Off in the distance, you can see the bridge that we drove over, which connects Wisconsin to Minnesota.


My mother has been enjoying her first smartphone.  During our trip, she had taken multiple pictures of me taking photos of plants and/or scenery.  


It makes me feel happy and special at the same time 🙂


During the first part of our day, we spent some time shopping for antiques.

My mother loves antiques and I like to find old pieces that I can use as planters in my garden.  In the Midwest and Eastern regions of the US, antiques are a lot less expensive then in the west – so we like to take advantage of nice antique stores when we can.

I found a large, old coffee pot (the kind they would use in a chuck wagon for a lot of people) that I plan on using for a flower planter in my smaller vegetable garden.

You may be wondering how I am going to get my coffee pot home.  Well, that leads to a tradition that my mother and I started during our first road trip 3 years ago.  We wait until the last day of our trip and then go to a local UPS store and send our souvenirs home.  It makes our life much simpler and we have less to carry in our suitcases.

Another grainy cell phone photo taken through the windshield.

As we headed toward the southeastern corner of Minnesota, we found ourselves alone on country highways for long lengths of time.


Not that I’m complaining about the absence of vehicles.  I’m sure that after spending a day or two at home that I’ll be wishing for fewer cars on the road.


The weather during our trip has been very nice.  There was some rain, which fell during the night, so it did not affect our activities.

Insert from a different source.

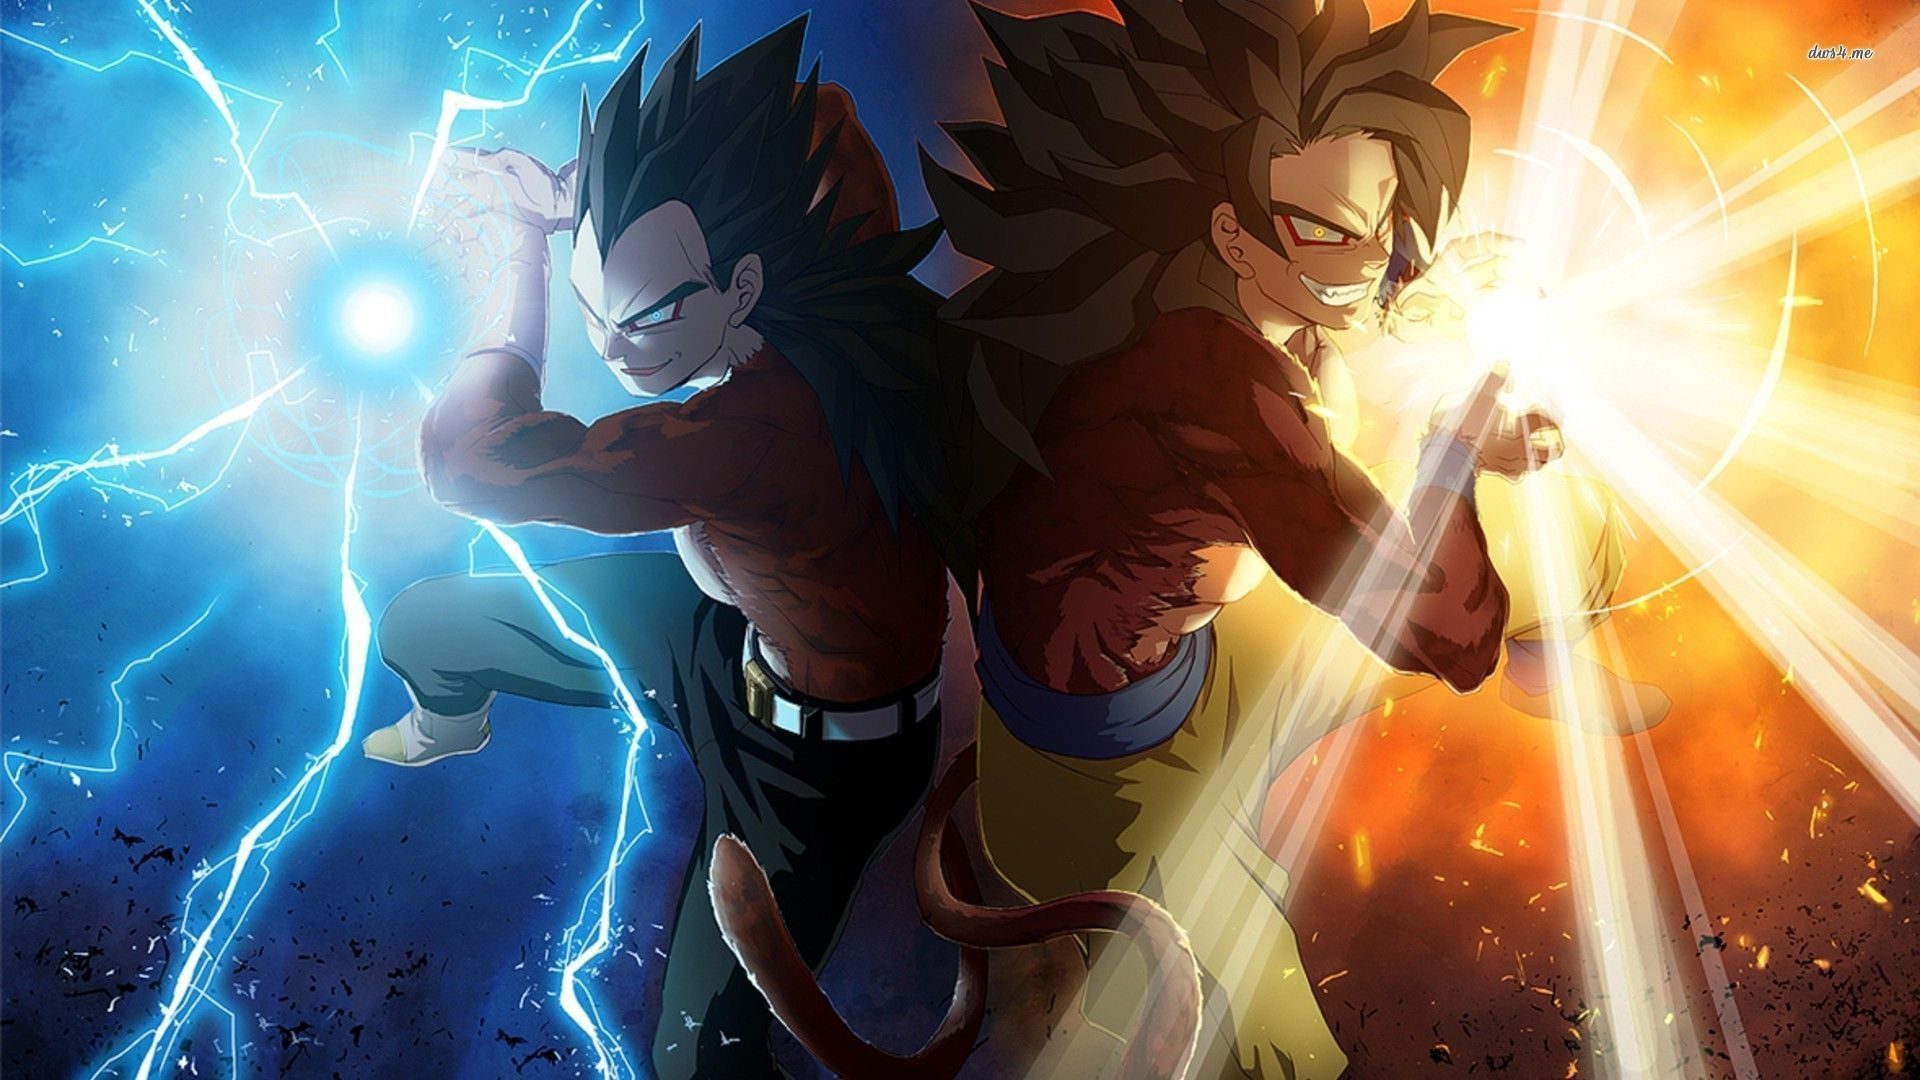 Goku Vegeta Wallpapers Top Free Goku Vegeta Backgrounds Wallpaperaccess

Our day’s journey ended in Lanesboro, Minnesota, which has been the recipient of the Great American Main Street Award.  Lanesboro, is located close to Amish communities and we have seen some Amish folk during our travels today.

The main street is lined with historic buildings that have been transformed into trendy shops and eateries.

Unlike many Amish communities that I’ve visited in the past, Lanesboro has upscale, trendy shops, which I really enjoyed visiting, instead of shops stocked full of Amish souvenirs.


A few of the shops had a combination of both new and old things, like this old antique that was transformed into a planter.


This shop had an interesting planter with a galvanized pipe with flowers sitting in a dish planted with real grass.


A variety of succulents were displayed with old, wooden boxes.


This alleyway was filled with plants and antiques, which I love.


One interesting observation about our travels this day is the popularity of rhubarb.  

It was planted along the main street.


Rhubarb ice cream was also available in many of the shops.

I bet you didn’t know that rhubarb was so popular did you?



I admit that I didn’t try the rhubarb ice cream flavor.  I went for salted caramel crunch – yum!


Remember the cheese curds that I tried on day 5 of our road trip?  They are everywhere.  I usually see them offered fried.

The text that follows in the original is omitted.